There was no action plan at the end, but the anecdote comes to show the kind of question Xie thinks is worth spending time on. He sees the ability to love as basic to the future stability of AI. At the same time, he sees the other side of the coin: if a system can love, hate may follow. That is part of why he’s drawn to world models not as a purely technical goal, but as a path to safer intelligence.
2. On the Nature of Research
Xie said he dislikes the word “influence.” He agrees with his friend Kaiming He (whom he mentioned 84 times during the conversation) that the nature of research is to share knowledge. A paper should help us understand something, which matters much more than performance numbers or academic posturing.
Xie invokes Arendt’s well-known distinction between influence and understanding—in a 1964 interview she called the desire to be influential ‘a masculine question’ and said she preferred to understand. As Arendt put it, the purpose of this pursuit is “understanding”: living beings need to be understood.
That is the version of research Xie wants to do. You arrive at some understanding, you write it down, you put it out into the world.
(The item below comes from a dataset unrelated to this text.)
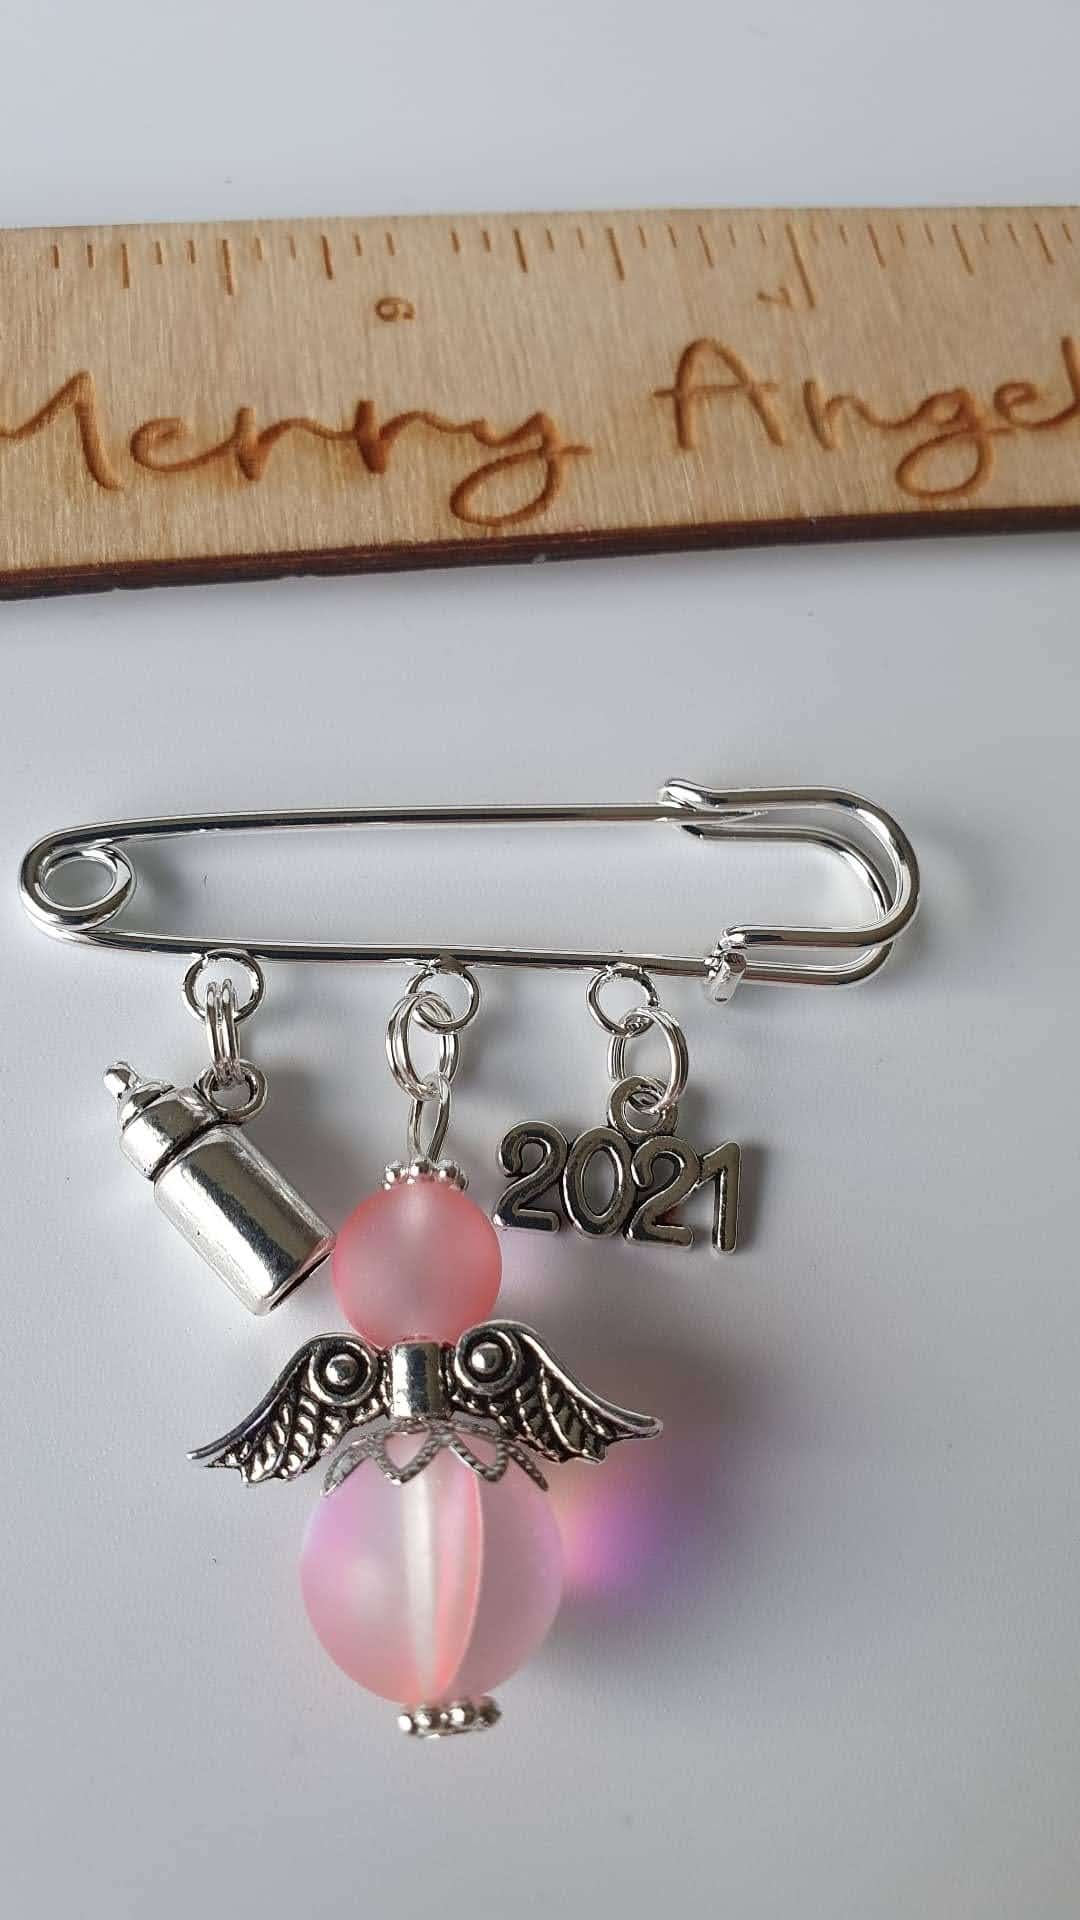 A silver plated pram pin with a silver bottle charm, a pink angel with silver wings, and a silver 2021 charm.

If it resonates, the understanding spreads — and somewhere along the way, you feel understood too. He described that loop as something close to family.
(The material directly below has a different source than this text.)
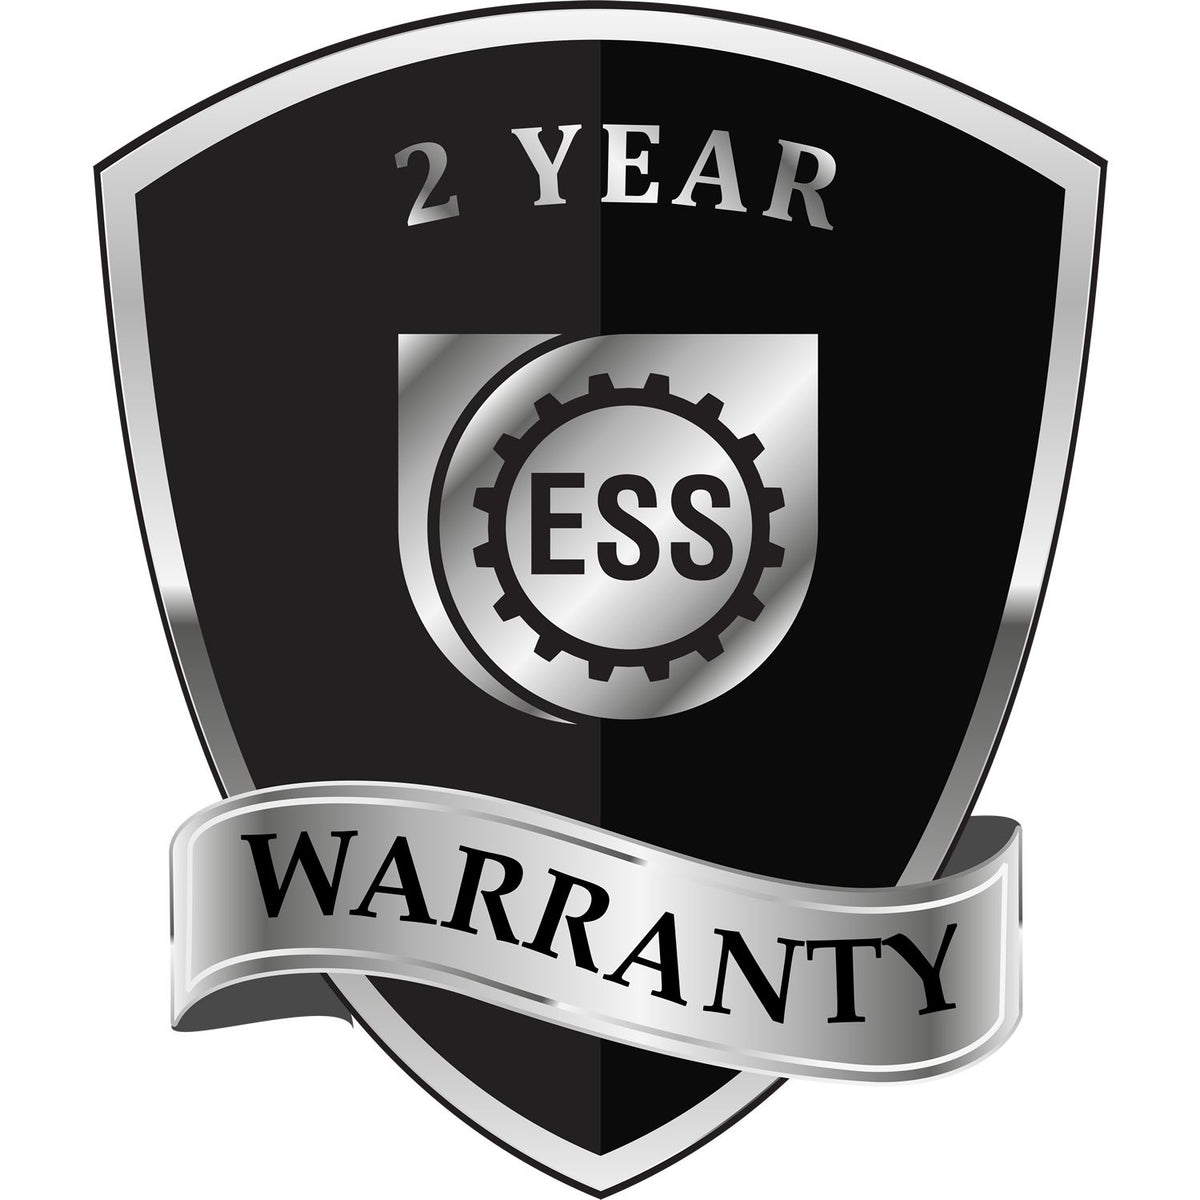 A black and silver badge or emblem showing warranty information for the Gift Arkansas Geologist Seal

Xie added: influence is self-centred; mutual understanding raises the collective intelligence of the whole planet. And more intelligence benefits everyone.
3. Research Taste
Xie said good research taste is hard to define directly. But he was clear on what bad taste looks like.
Bad taste, in his view, comes from chasing appearances: conference acceptances, praise, hype, quick results, status—all the external signs that make something look successful.
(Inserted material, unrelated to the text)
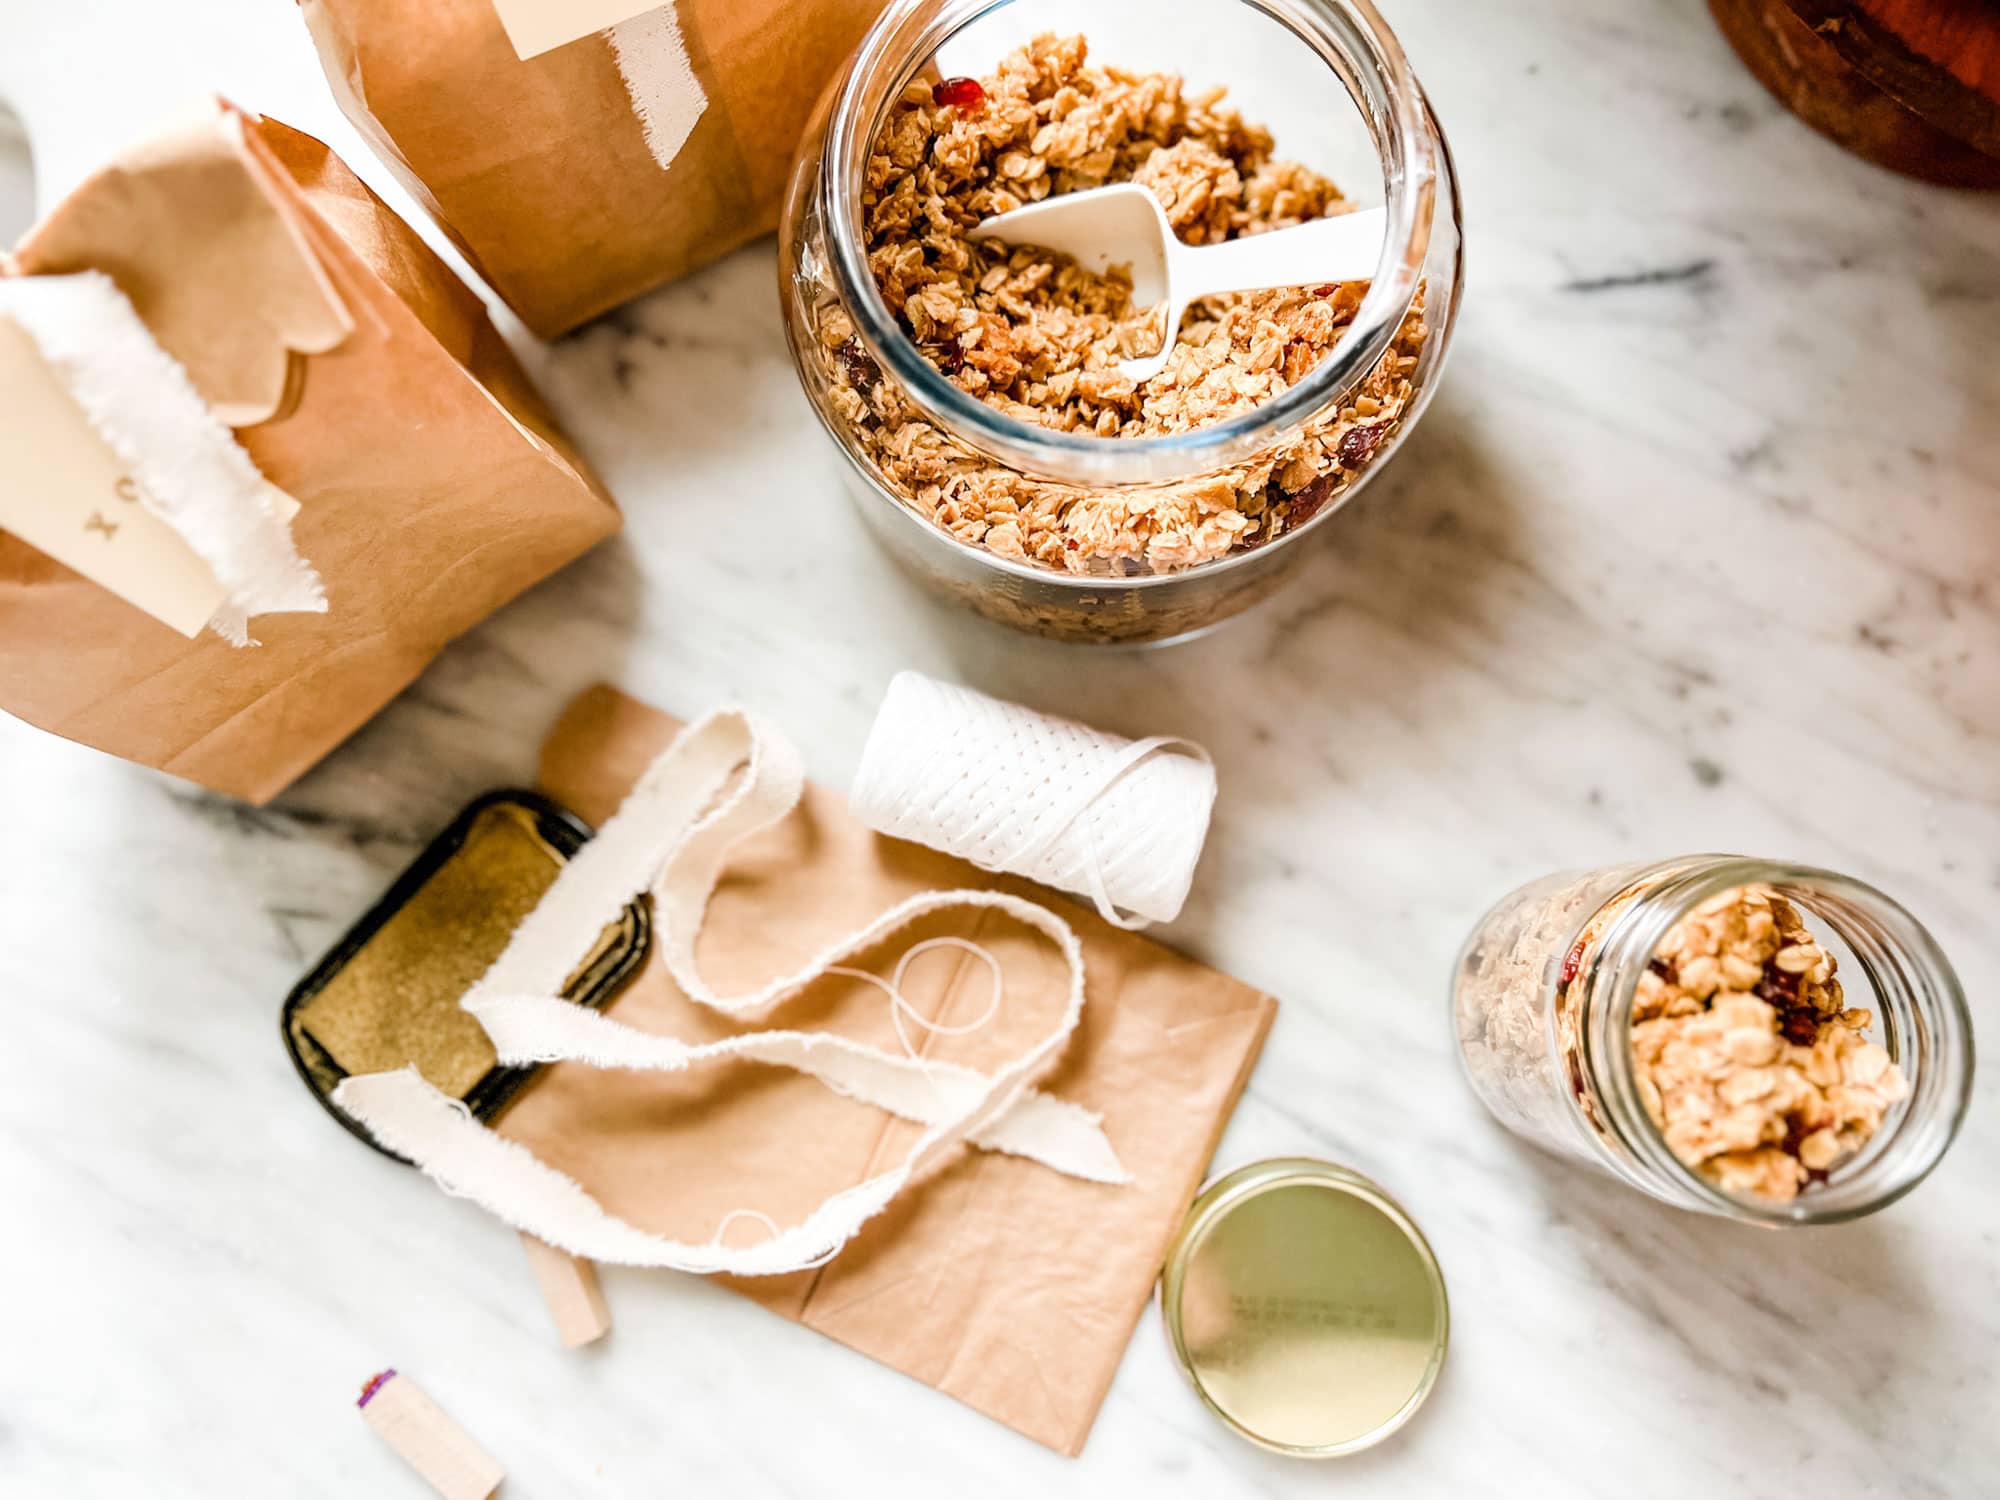 https://mostlovelythings.com/wp-content/uploads/2022/12/granola-in-jars-and-bags.jpg

He linked this to a line from the Diamond Sutra: all appearances are illusory; what you see on the surface is often not what matters most.
That idea applies far beyond research—to products, marketing, writing, and life in general. It is easy to do things because they look right or because society rewards them. It is much harder to keep asking what is fundamental.
Xie mentioned the non-linear research career by Professor Bill Freeman. Strong researchers are often driven by long-term passion and pure curiosity. They care less about short-term reception and more about whether their work eventually reaches its fullest expression.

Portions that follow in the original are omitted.